Background: Hepatitis C is a significant cause for end-stage liver diseases and liver
transplantation which affects approximately 3% of the global populations. Despite the current several
direct antiviral agents in the treatment of Hepatitis C, the standard treatment for HCV infection is
accompanied by several drawbacks, such as adverse side effects, high pricing of medications and the
rapid emerging rate of resistant HCV variants.
Objectives: To discover potential inhibitors for HCV helicase through an optimized in silico approach.
Methods: In this study, a homology model (HCV Genotype 3 helicase) was used as the target and
screened through a benzopyran-based virtual library.

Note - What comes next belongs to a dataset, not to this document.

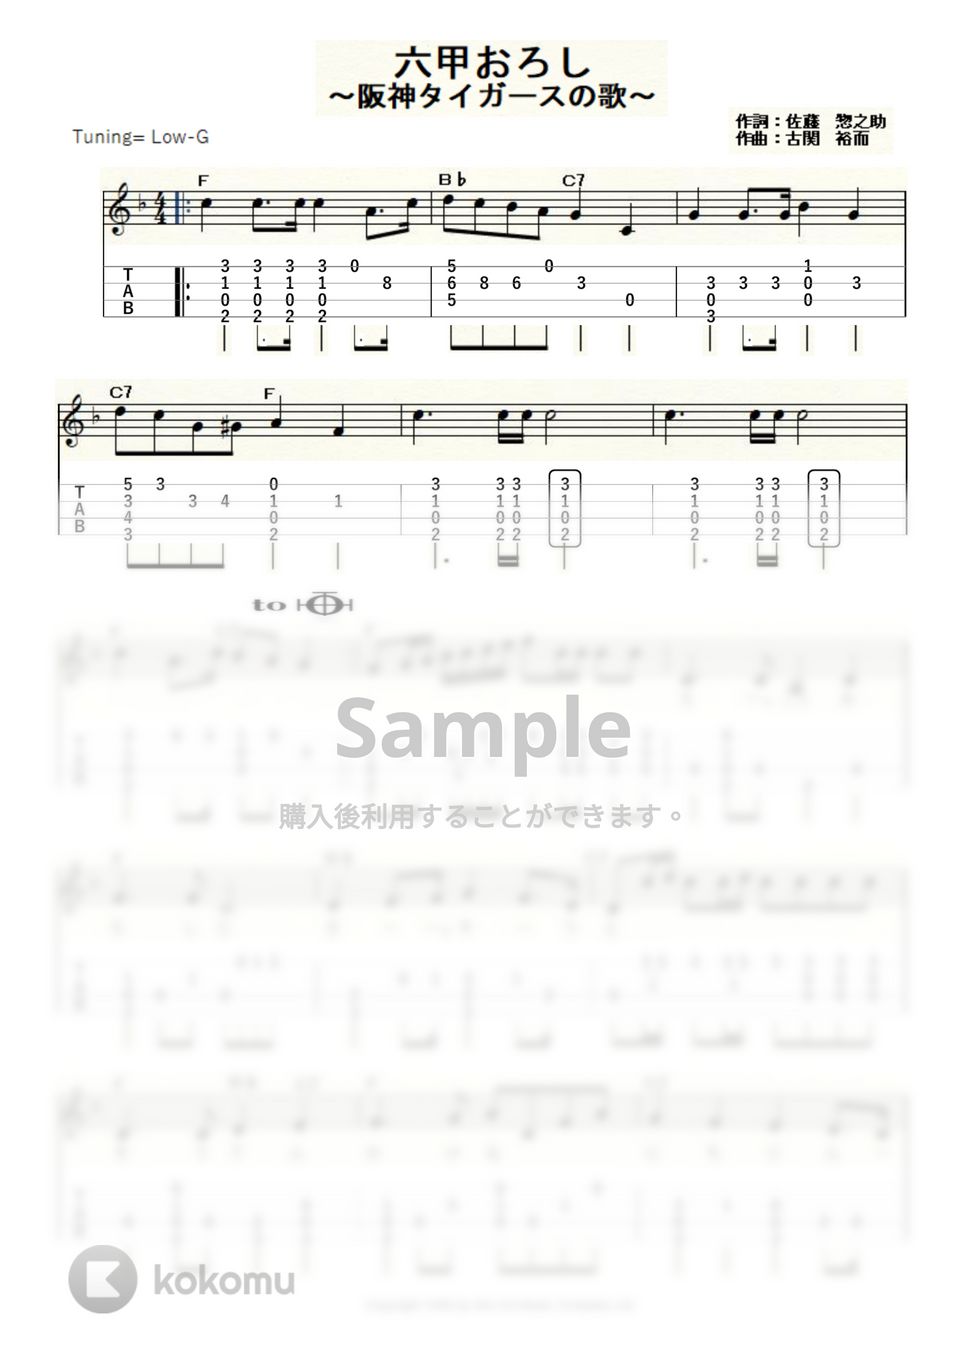 古関裕而 - 六甲おろし～阪神タイガースの歌～ (ｳｸﾚﾚｿﾛ/Low-G/中級) by ukulelepapa

Multiple-seedings of AutoDock Vina and in situ
minimization were to account for the non-deterministic nature of AutoDock Vina search algorithm and
binding site flexibility, respectively. ADME/T and interaction analyses were also done on the top hits
via FAFDRUG3 web server and Discovery Studio 4.5.

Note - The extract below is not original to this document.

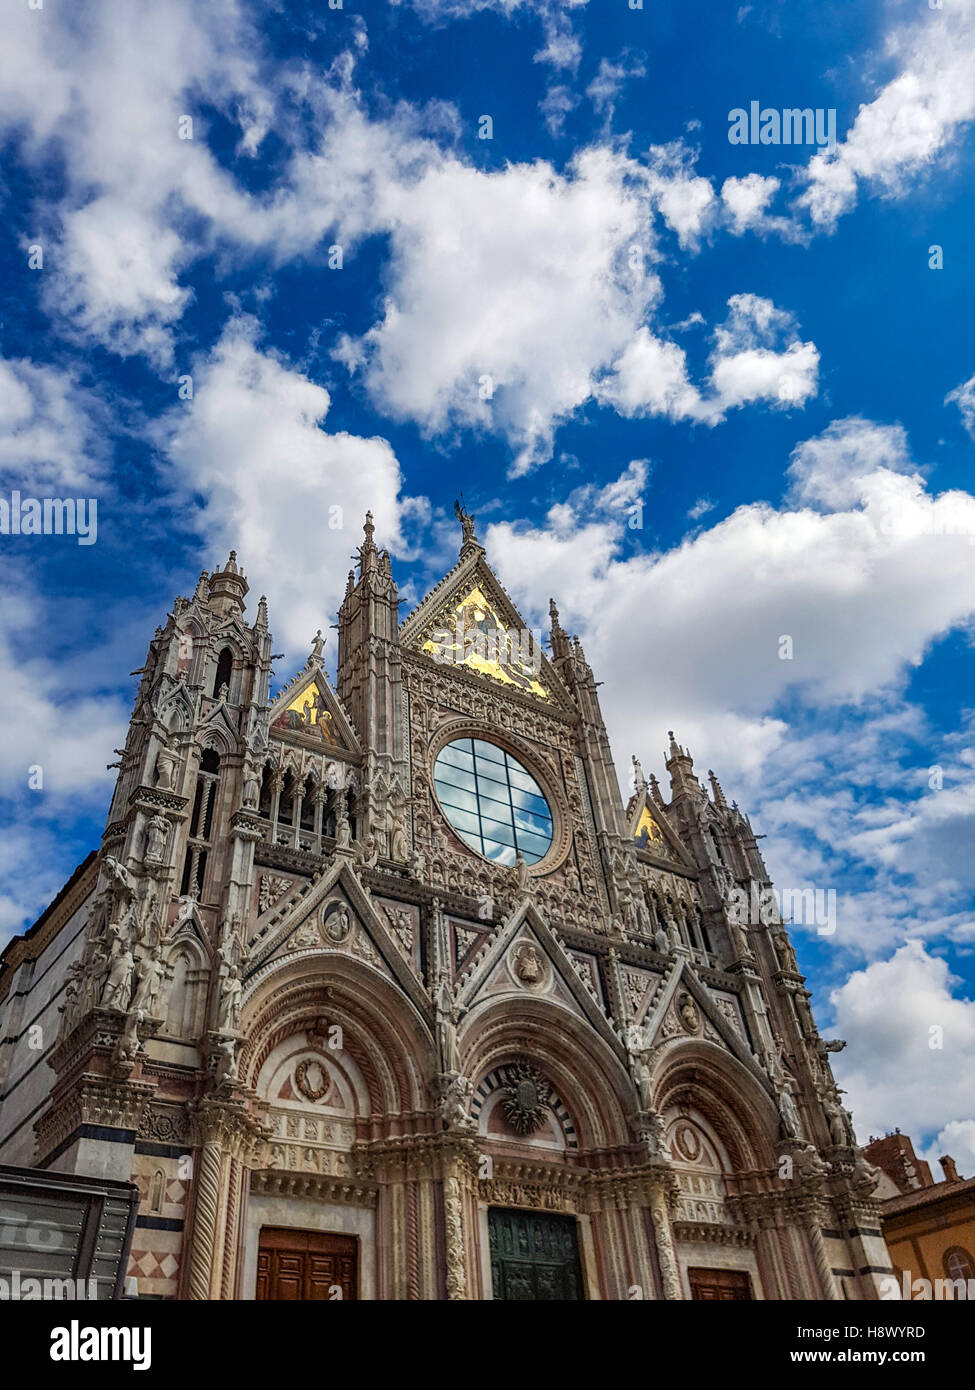 Esterni ed i dettagli architettonici del Duomo, Cattedrale di Siena, Italia Foto Stock

Results: This study involved the development of an improved flow for virtual screening via
implemention of multiple-seeding screening approach and in situ minimization. With the new docking
protocol, the redocked standards have shown better RMSD value in reference to their native
conformations. Ten benzopyran-like compounds with satisfactory physicochemical properties were
discovered to be potential inhibitors of HCV helicase. ZINC38649350 was identified as the most
Conclusion: Ten potential HCV helicase inhibitors were discovered via a new docking optimization
protocol with better docking accuracy. These findings could contribute to the discovery of novel HCV
antivirals and serve as an alternative approach of in silico rational drug discovery.